SPOTLIGHT
Julien Marinetti
Born in 1967, Julien Marinetti grew up in Paris’s Saint-Germain-des-Prés district, along the banks of the River Seine. He inherited the taste for culture and knowledge from his father, a photographer, and from his mother, who ran a school of theatre and dance. As soon as he could walk, he was a regular visitor at the Louvre. Later he learned his craft copying the old masters in the famous museum. Here he discovered Ancient Greece and Rome and developed a passion for 15th-century Italian art.

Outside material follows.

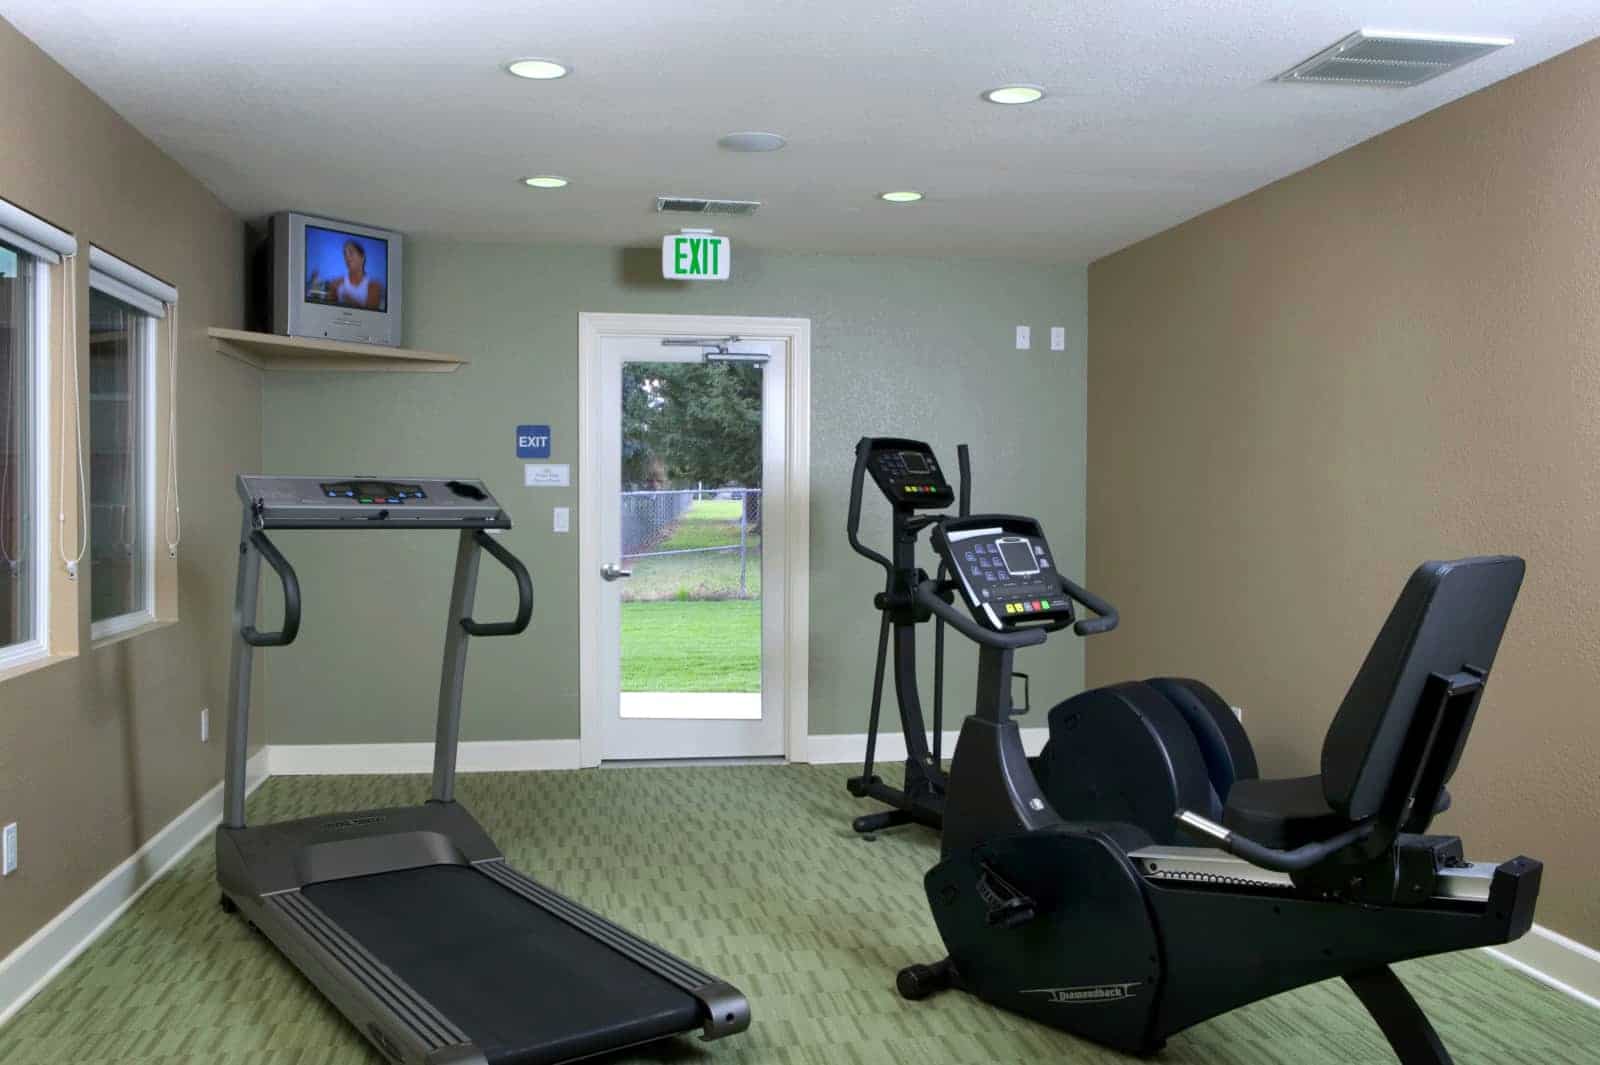 View of the fitness center with 3 cardio machines and a TV.
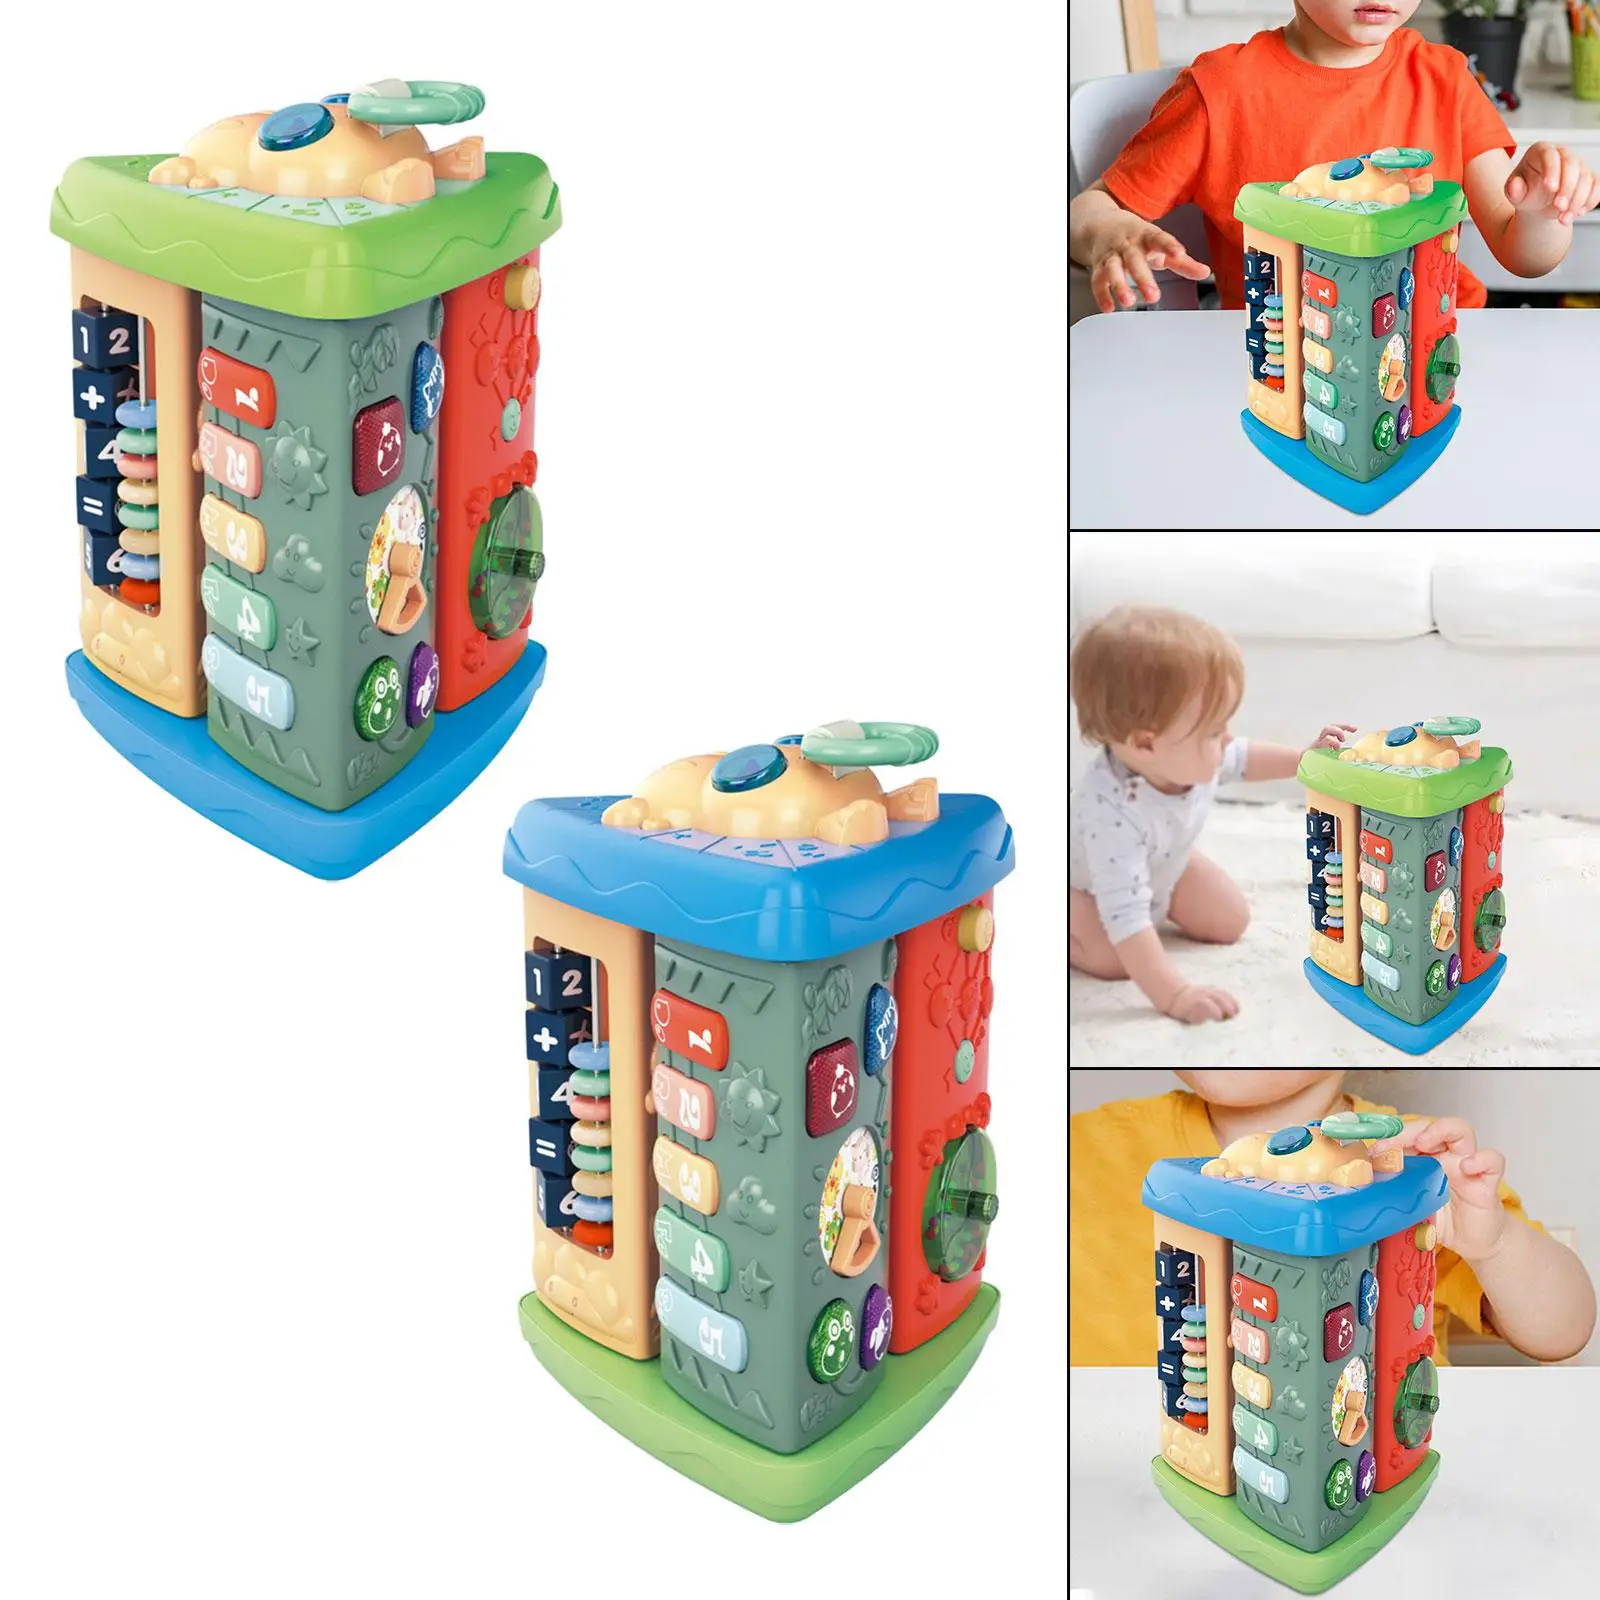 Creative Musical Activity Toys Busy Board for Kids 1 2 3 Birthday Gifts

Paris’s used-book dealers, whose stalls line the river on the Quai de Conti, were his neighbors. They loaned him books on art, philosophy and history, which he devoured. His grandfather, an Italian and an amateur painter, gave him his first box of oil paints. He tried them out for the first time on used kitchen rags, which he had coated with skin glue onto old cardboard. He discovered bronze sculpture in the nearby workshop of Paul Belmondo (father of actor Jean-Paul Belmondo), who was a member of the Académie des Beaux-Arts (French Academy of Fine Arts). He began salvaging, recycling and tinkering with old objects, out of which he created his first sculptures. When not sculpting, he spent his afternoons at the Académie de la Grande Chaumière, a Paris art school specializing in live models, where he studied the nude form and French academic drawing methods.
After a brief spell of just a few days at Paris’ Ecole Nationale des Beaux-Arts (National School of Fine Arts), Marinetti was determined to make his own way as an artist. He continued learning and perfecting his mastery of painting and sculpting techniques, but also of engraving, ceramics and stained glass.